> Source material
════════════════

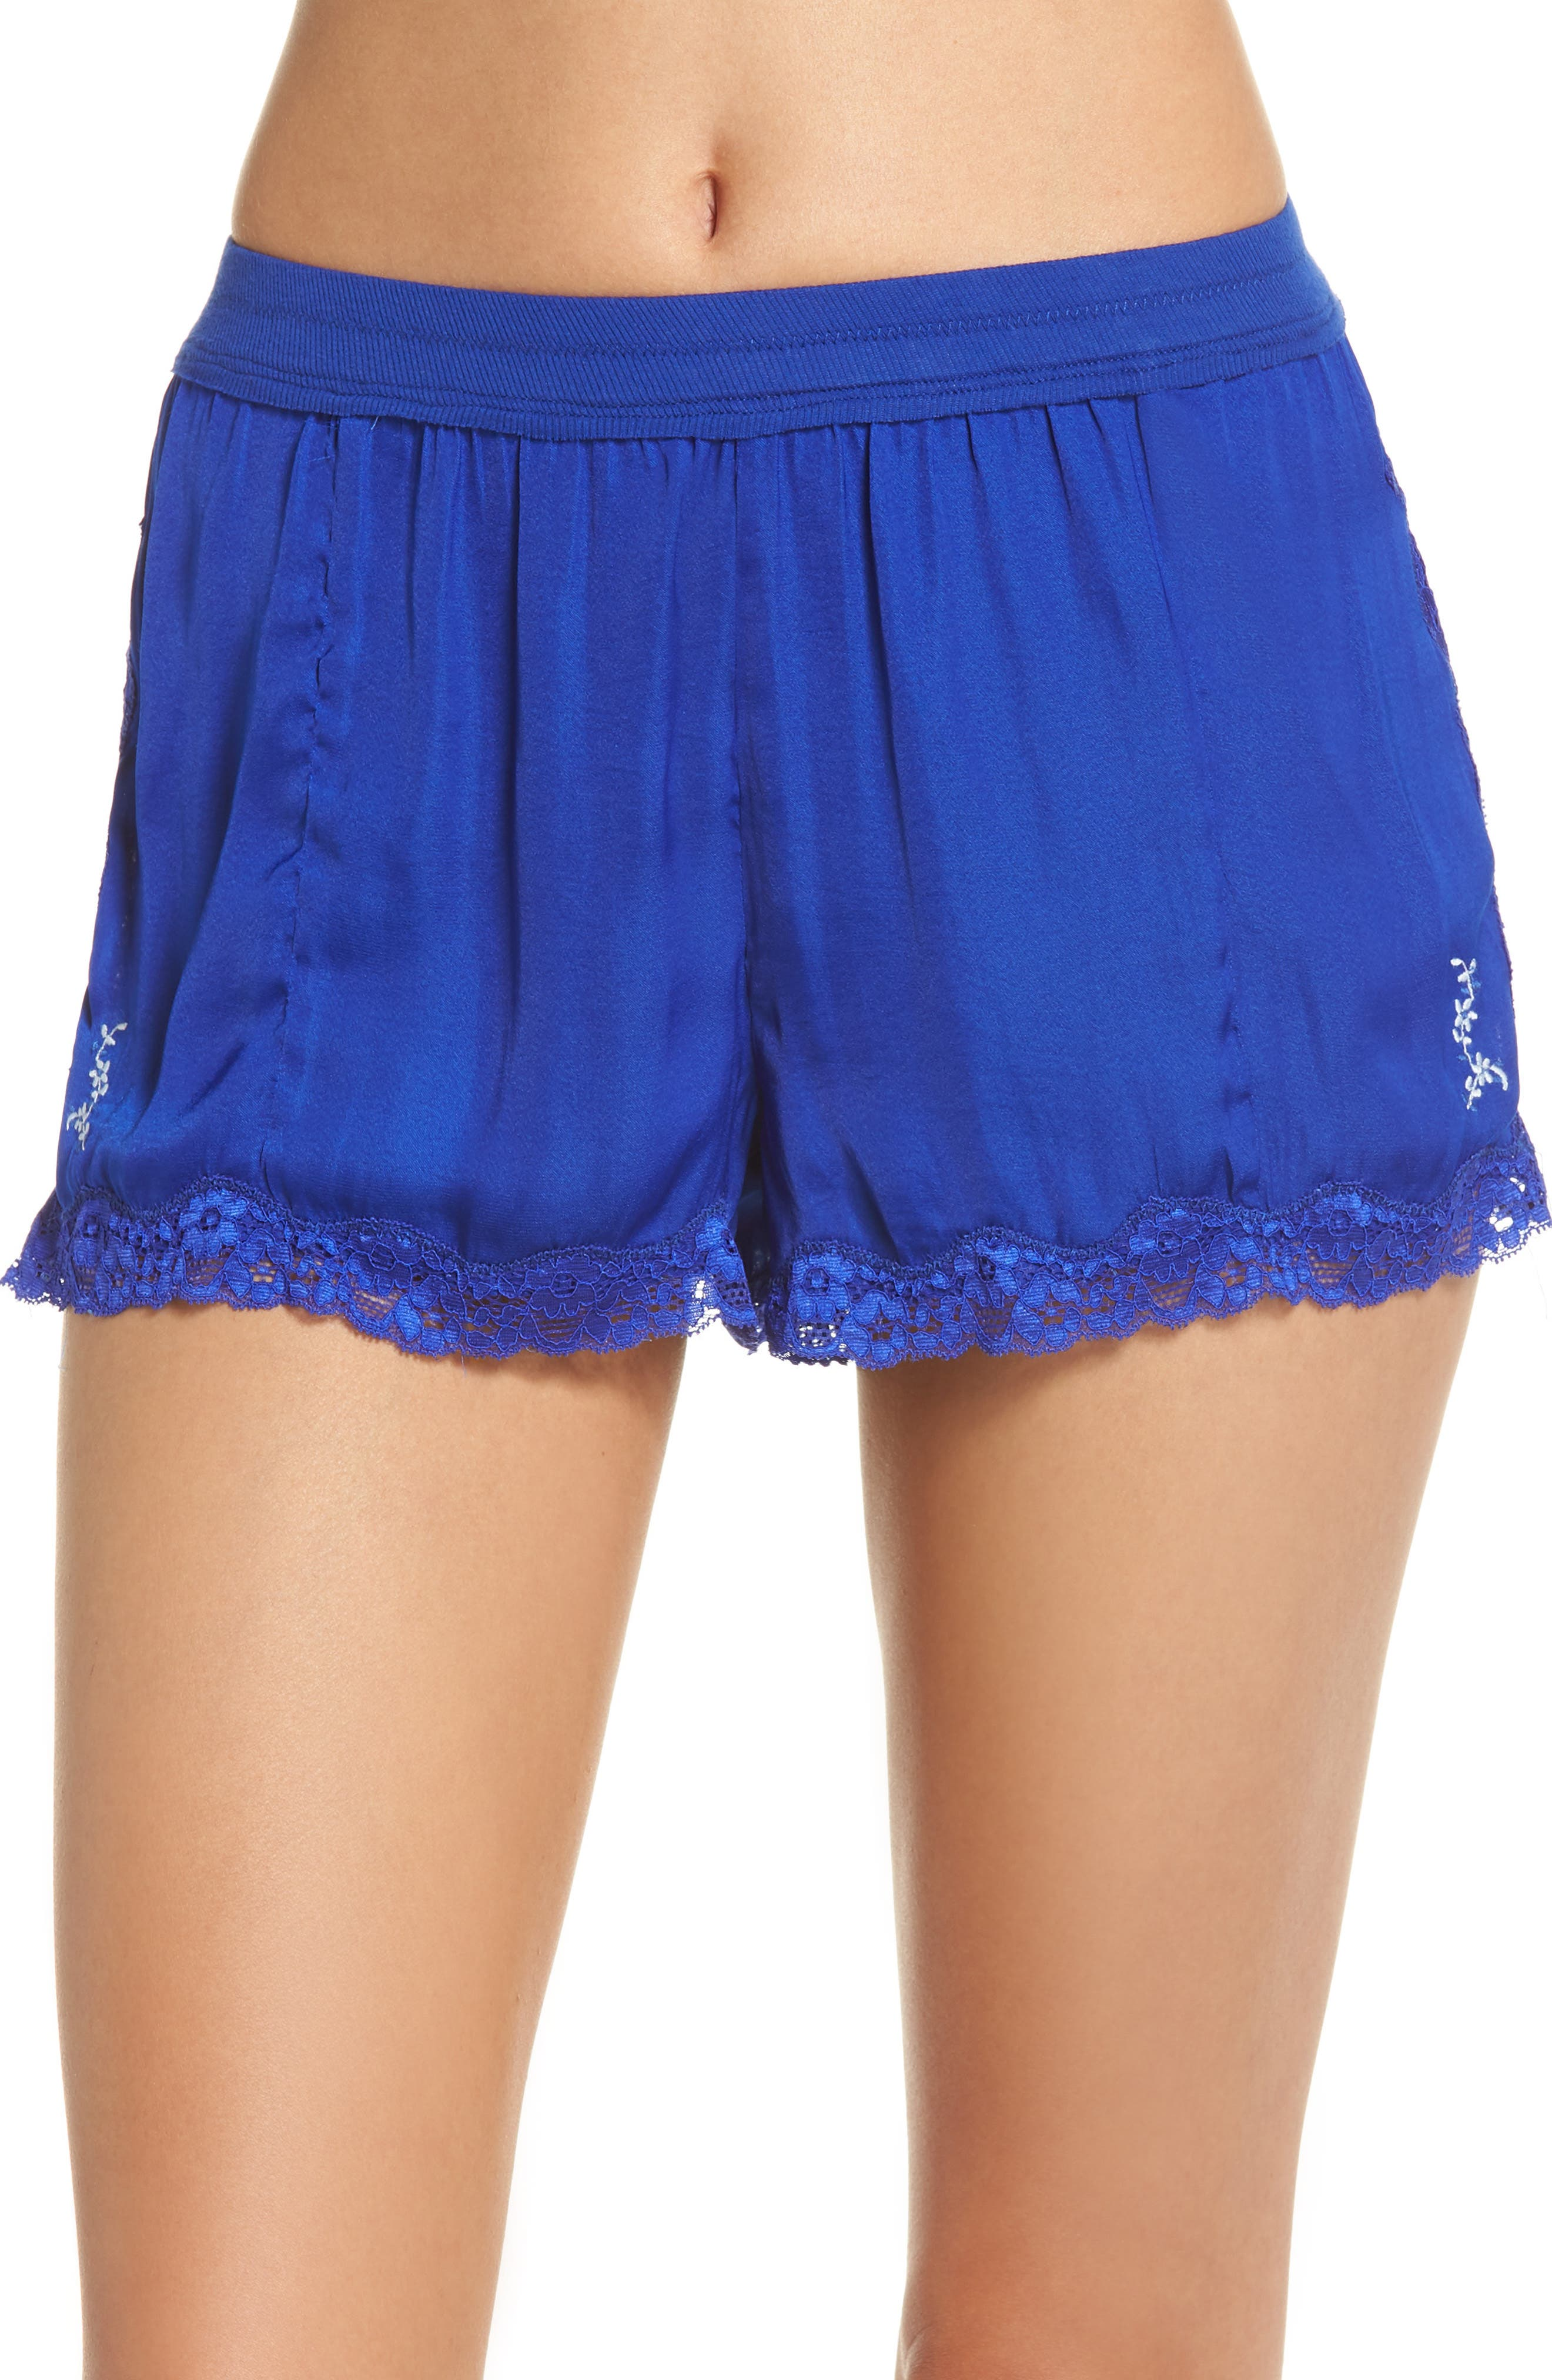 Intimately FP High Side Shorts,                             Main thumbnail 1, color,                             400
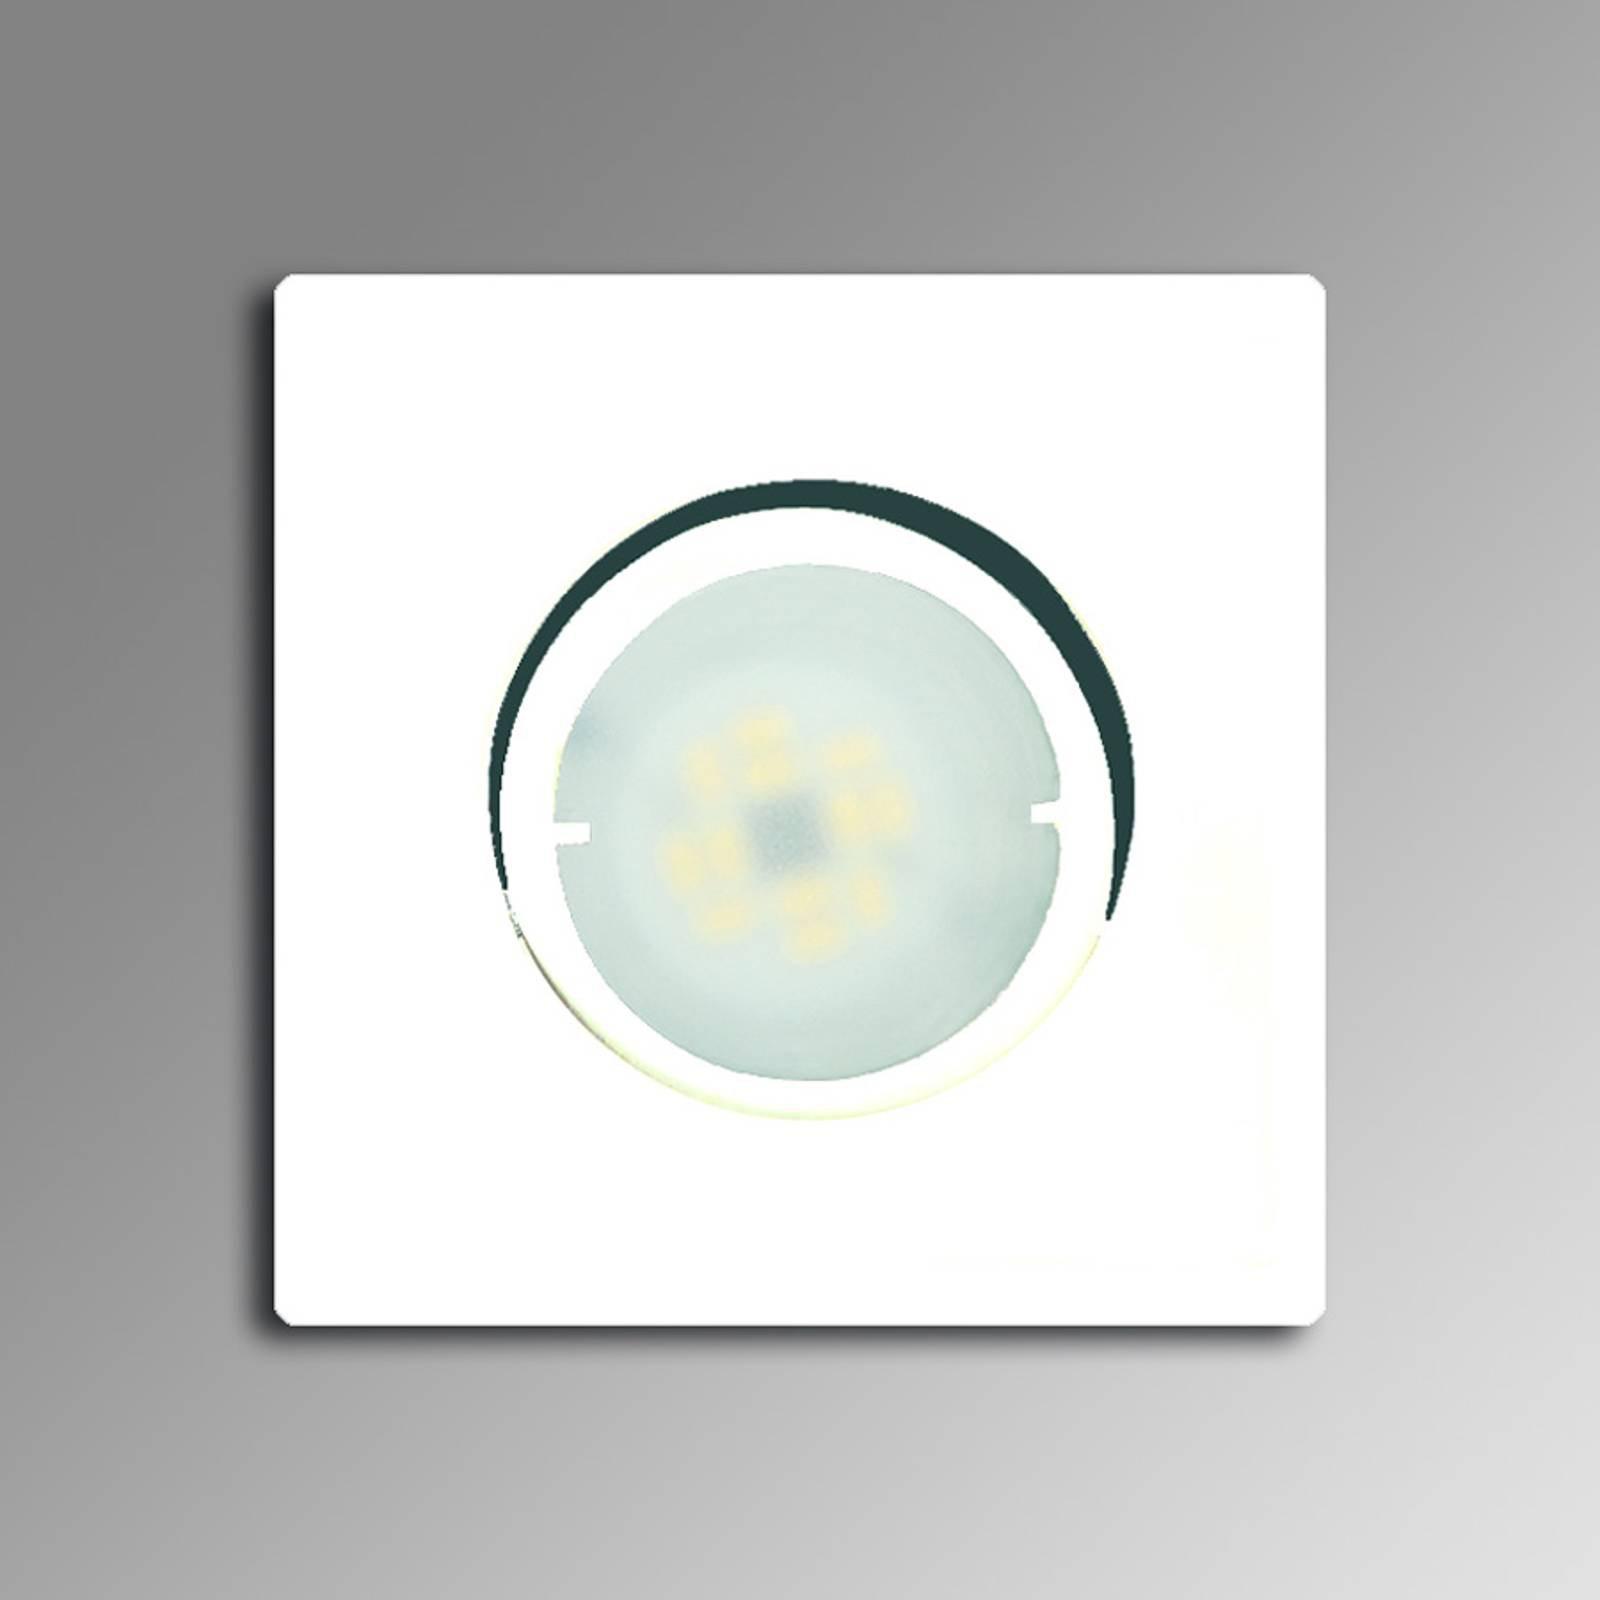 Hvit LED-innbyggingslampe Joanie, justerbar
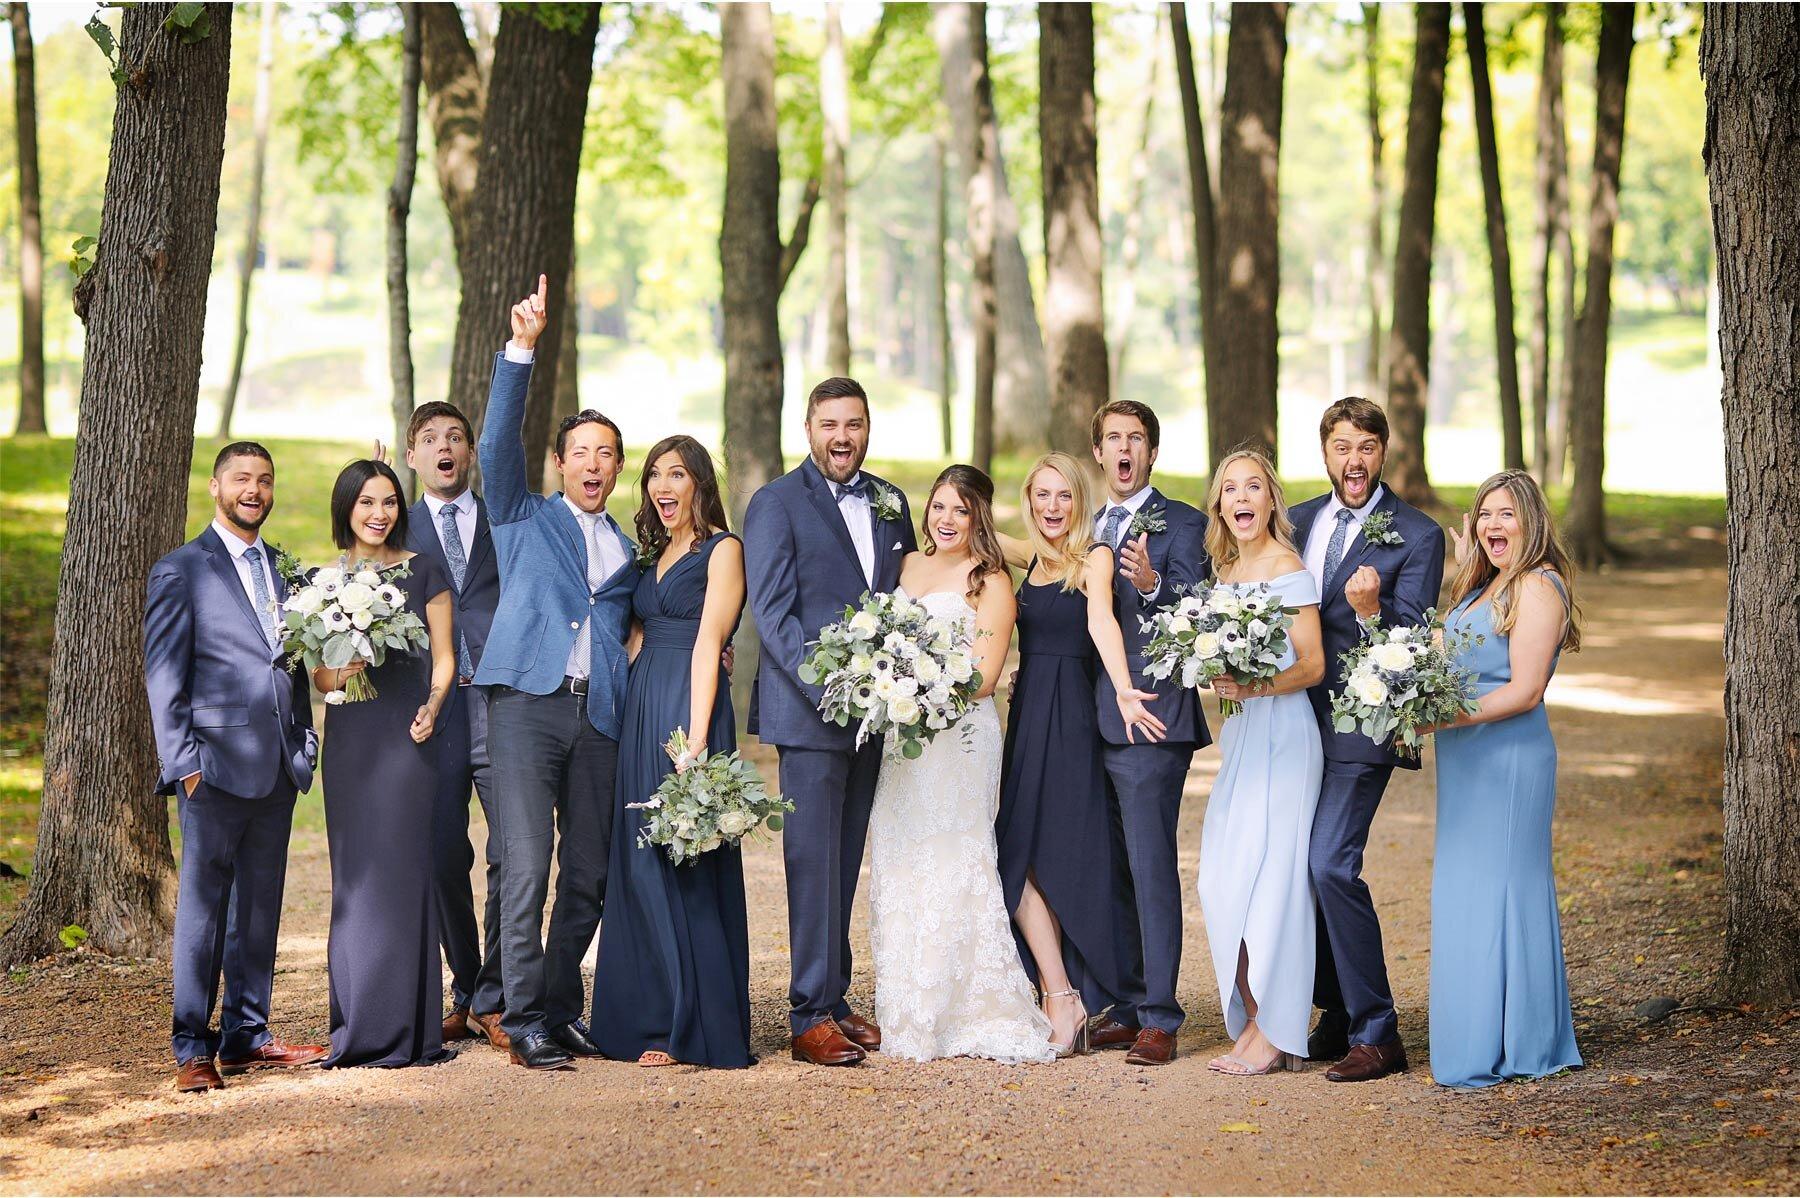 11-Vick-Photography-Wedding-Minnetonka-Minnesota-Lafayette-Club-Bridesmaids-Groomsmen-Katie-and-David.jpg

════════════════

Before handing back the copy, remove the pictures; otherwise print the data exactly.

> Solution below
 Intimately FP High Side Shorts,                             Main thumbnail 1, color,                             400
 Hvit LED-innbyggingslampe Joanie, justerbar
 11-Vick-Photography-Wedding-Minnetonka-Minnesota-Lafayette-Club-Bridesmaids-Groomsmen-Katie-and-David.jpg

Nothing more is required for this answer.